Confess now

Print pesticide levels on soft drinks, court orders colas

 
By Kushal Pal Singh Yadav
Published: Monday 15 November 2004

-- (Credit: Emkay)in a landmark judgement, the High Court (hc) of Rajasthan has directed soft drink majors PepsiCo and Coca-Cola to specify ingredients of their products and pesticide levels on their labels. The order applies to all manufacturers of carbonated beverages and soft drinks. It was issued on October 8, 2004, by the hc's Jaipur bench, in response to a public interest litigation (pil). When contacted for their response to the order, Coca-Cola India told Down To Earth (dte): Since we already publish ingredients details on our packaging and do not add pesticides, the judgement is unlikely to have any operational impact." Pepsi Foods Private Limited said they had applied for a copy of the order but were yet to receive it.

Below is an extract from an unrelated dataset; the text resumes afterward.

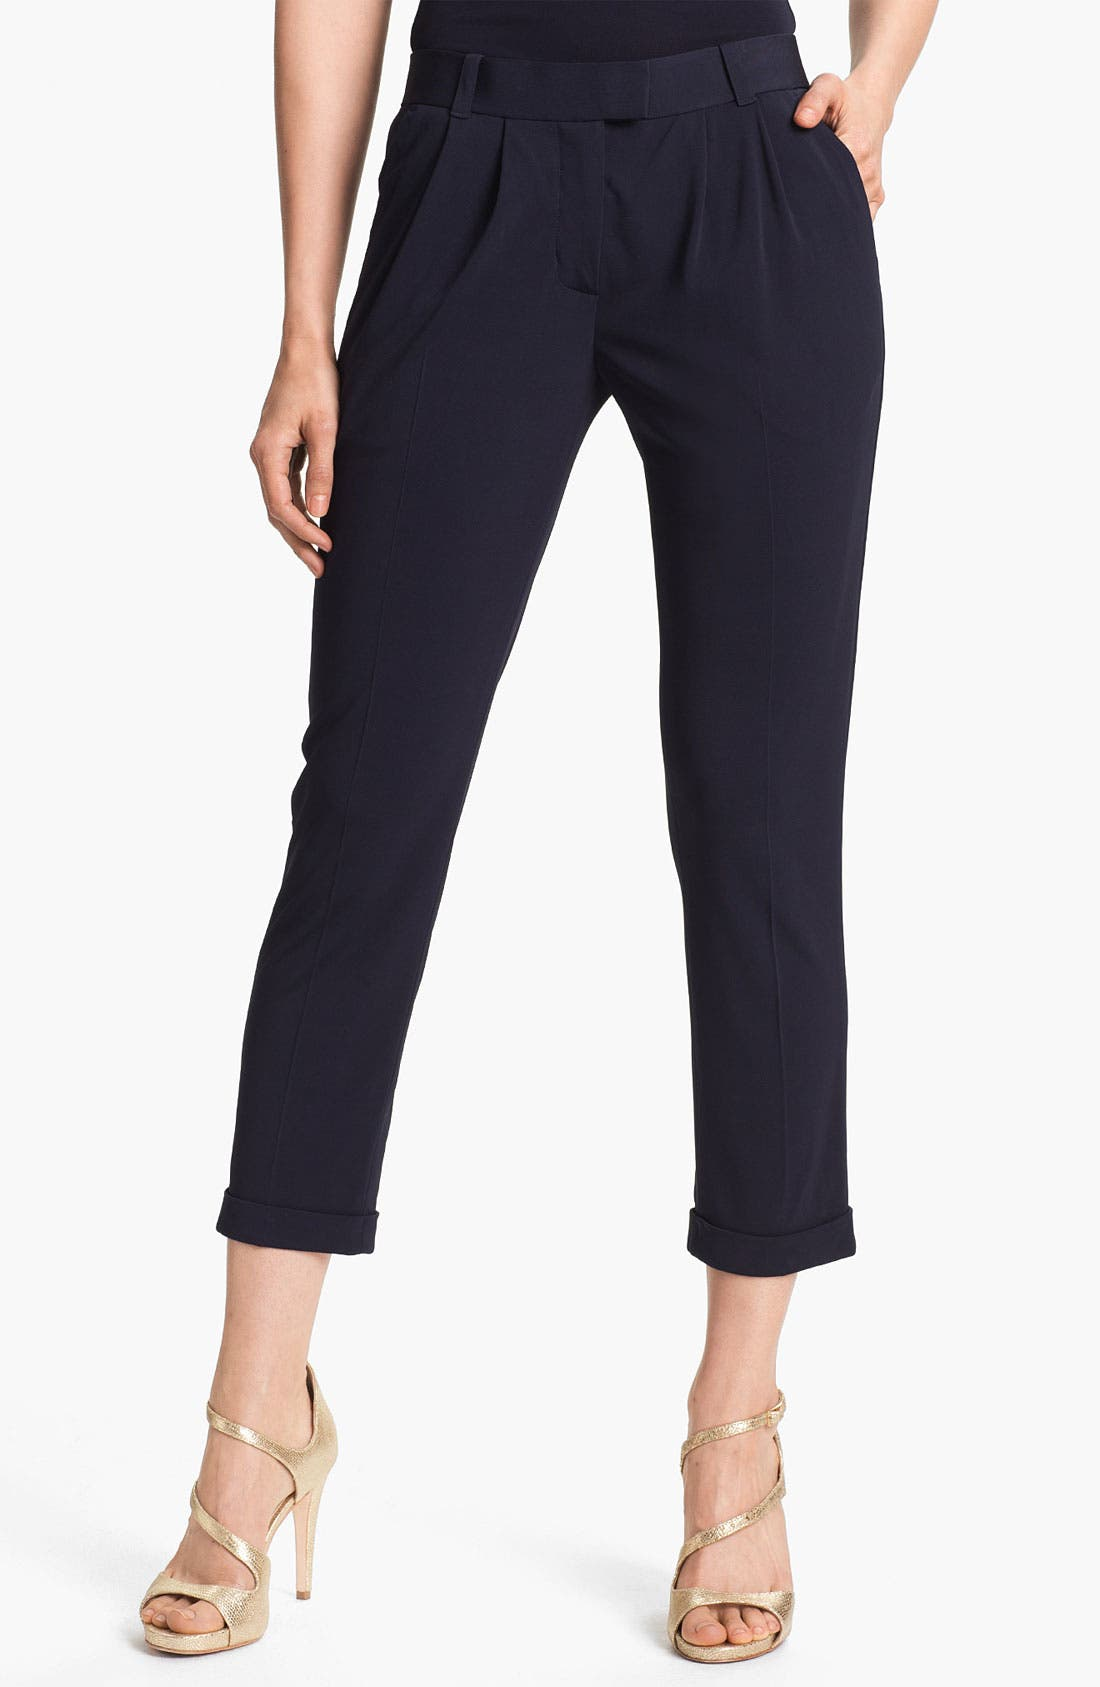 Main Image - Tory Burch 'Haley' Crop Pants

Chief Justice Anil Dev Singh and justice K S Rathore directed "the respondent companies namely PepsiCo and Coca-Cola, and all other manufacturers of carbonated beverages and soft drinks, to disclose the composition and contents of the products, including the presence, if any, of the pesticides and chemicals, on the bottle, package or container, as the case may be. The order has to be followed with immediate effect. Advocate Swati Bhati, who filed the pil in March 2003 on behalf of the Youth Welfare Society, Jaipur, says the court rejected cola companies' application to delay the order's implementation by two months.
The discerning court The court rejected all the arguments of the cola majors. "The learned counsel for the respondent companies submitted that the companies are not required under law to disclose the presence or absence of pesticides in their products...According to them in case water contains pesticides, they cannot be blamed for it...Both the counsel for Coca-Cola and PepsiCo submitted that small traces of ddt and other pesticides are not harmful to the health of the consumers," reads the order. The court referred to the August 2003 report of the Centre for Science and Environment (cse) that exposed pesticide residues in major soft drink brands sold in the open market (see dte, 'Colonisation's Dirty Dozen', August 15, 2004, p 31). It also considered findings of the Joint Parliamentary Committee set up to investigate the issue (see DTE, 'A lie in nailed', February 29, 2004)."There is no manner of doubt that the analysis by the cse and by other laboratories show the presence of pesticides in the samples of branded products of PepsiCo and Coca-Cola," the judges ruled.
Same old trace theory Once it was clear that they couldn't contest the presence of pesticides in soft drinks, the cola companies harped on their 'trace' theory. "Negligible traces of pesticide residues have been found in the samples and they are not harmful to the health of the consumers," argued Sandeep Sethi, senior counsel for PespiCo, citing N G K Karanth, deputy director and head, Food Protectants and Infestation Control, Central Food Technological Research Institute, Mysore, Karnataka. According to Sethi, Karanth had said that only hundreds of years of consistent exposure to these pesticides could cause cancer and other maladies. But the court wasn't convinced. It ruled that Karanth had admitted that even "small quantities of pesticide in a soft drink are not good".

The cola companies also contended that pesticide residue was not an intentional additive but an "incidental contaminant" from the raw material. They questioned the validity of restricting "the sale and consumption of beverages containing pesticides" when there was no restriction on pesticides in water. The court held that while water was a necessity for survival, soft drinks were mere products of trade and commerce, sold at a price: "Once a person pays for a commercial product it must be totally safe."
Right to information The hc said consumers have a fundamental right to know the entire content of carbonated beverages. It cited various Supreme Court (sc) orders and concluded:... right to know is a necessary ingredient of participatory democracy and the same springs from Article 19 (1)(a) and Article 21 of the Constitution." Absence of complete information prevents consumers from forming an "informed opinion" about whether or not to buy the product, it said. It also rejected pleas by the companies that disclosure of contents would cause a panic in the market and reduce their business. "Commercial interests are subservient to the fundamental right, it said.

Bhati says her clients have filed a caveat, anticipating that the companies will approach the sc.